Schema enforcement in PySpark refers to the process of ensuring that the data in a DataFrame conforms to a predefined structure or schema. This schema defines the column names, data types, and the structure of the data. Schema enforcement is important because it helps ensure data integrity, consistency, and efficient processing when working with large datasets.

**Why is Schema Enforcement Important?**

-   **1.Data Quality:** It ensures that the data adheres to the expected types and formats, preventing errors during computations or transformations.

-   **2.Performance:** PySpark can optimize operations like joins, aggregations, and filters when the schema is well-defined.

-   **3.Data Compatibility:** When working with multiple sources, enforcing a schema ensures that the data from different sources aligns properly.

-   **4.Validation:** It can help catch any discrepancies early in the data processing pipeline, preventing bad data from being processed further.


In [None]:
import findspark
findspark.init
import getpass
from pyspark.sql import SparkSession

username = getpass.getuser()
spark = SparkSession. \
    builder. \
    config("spark.sql.catalogImplementation", "hive"). \
    config("spark.sql.warehouse.dir",f"/Users/{username}/Documents/data/warehouse"). \
    enableHiveSupport(). \
    master("local"). \
    getOrCreate()

In [11]:
df = spark.read \
.format("csv") \
.load("/Users/sugumarsrinivasan/Documents/data/orders.csv")

In [12]:
df.show(5)

+---+--------------------+-----+----------+
|_c0|                 _c1|  _c2|       _c3|
+---+--------------------+-----+----------+
|  1|2013-07-27 00:00:...|30265|    CLOSED|
|  2|2013-11-25 00:00:...|20386|    CLOSED|
|  3|2014-01-21 00:00:...|15768|  COMPLETE|
|  4|2014-07-04 00:00:...|27181|PROCESSING|
|  5|2014-03-08 00:00:...|12448|  COMPLETE|
+---+--------------------+-----+----------+
only showing top 5 rows



In [13]:
df.printSchema()

root
 |-- _c0: string (nullable = true)
 |-- _c1: string (nullable = true)
 |-- _c2: string (nullable = true)
 |-- _c3: string (nullable = true)



**Defining the schema using DDL Method:**

In [5]:
orders_schema = ("order_id integer, order_date date, customer_id long, order_status string")

In [6]:
df = spark.read \
.format("csv") \
.schema(orders_schema) \
.load("/Users/sugumarsrinivasan/Documents/data/orders.csv")

In [8]:
df.show(5)

+--------+----------+-----------+------------+
|order_id|order_date|customer_id|order_status|
+--------+----------+-----------+------------+
|       1|2013-07-27|      30265|      CLOSED|
|       2|2013-11-25|      20386|      CLOSED|
|       3|2014-01-21|      15768|    COMPLETE|
|       4|2014-07-04|      27181|  PROCESSING|
|       5|2014-03-08|      12448|    COMPLETE|
+--------+----------+-----------+------------+
only showing top 5 rows



In [9]:
df.printSchema()

root
 |-- order_id: integer (nullable = true)
 |-- order_date: date (nullable = true)
 |-- customer_id: long (nullable = true)
 |-- order_status: string (nullable = true)
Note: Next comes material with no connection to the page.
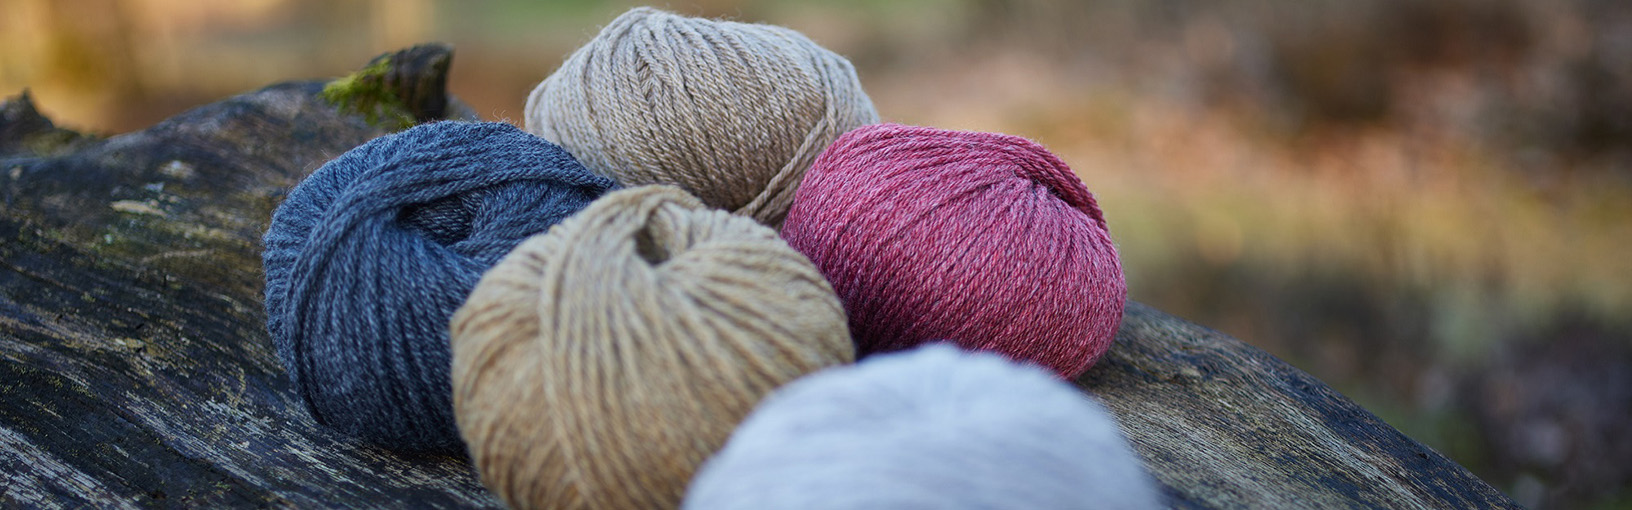 Garn af høj kvalitet til strikning, hækling og filtning LANA GROSSA<br> uld & garn | Sokkegarn | Hand-dyed

if there is a data type issue, then we will get the column values as null

In [14]:
orders_schema = ("order_id integer, order_date date, customer_id long, order_status long")

In [15]:
df = spark.read \
.format("csv") \
.schema(orders_schema) \
.load("/Users/sugumarsrinivasan/Documents/data/orders.csv")

In [16]:
df.printSchema()

root
 |-- order_id: integer (nullable = true)
 |-- order_date: date (nullable = true)
 |-- customer_id: long (nullable = true)
 |-- order_status: long (nullable = true)



In [17]:
df.show(5)

+--------+----------+-----------+------------+
|order_id|order_date|customer_id|order_status|
+--------+----------+-----------+------------+
|       1|2013-07-27|      30265|        NULL|
|       2|2013-11-25|      20386|        NULL|
|       3|2014-01-21|      15768|        NULL|
|       4|2014-07-04|      27181|        NULL|
|       5|2014-03-08|      12448|        NULL|
+--------+----------+-----------+------------+
only showing top 5 rows



**Defining the schema using StructType Method:**

In [21]:
from pyspark.sql.types import *

orders_schema = StructType([
    StructField("order_id", LongType()),
    StructField("order_date",DateType()),
    StructField("customer_id",LongType()),
    StructField("order_status",StringType())
])

In [22]:
df = spark.read \
.format("csv") \
.schema(orders_schema) \
.load("/Users/sugumarsrinivasan/Documents/data/orders.csv")

In [23]:
df.show(5)

+--------+----------+-----------+------------+
|order_id|order_date|customer_id|order_status|
+--------+----------+-----------+------------+
|       1|2013-07-27|      30265|      CLOSED|
|       2|2013-11-25|      20386|      CLOSED|
|       3|2014-01-21|      15768|    COMPLETE|
|       4|2014-07-04|      27181|  PROCESSING|
|       5|2014-03-08|      12448|    COMPLETE|
+--------+----------+-----------+------------+
only showing top 5 rows



In [24]:
df.printSchema()

root
 |-- order_id: long (nullable = true)
 |-- order_date: date (nullable = true)
 |-- customer_id: long (nullable = true)
 |-- order_status: string (nullable = true)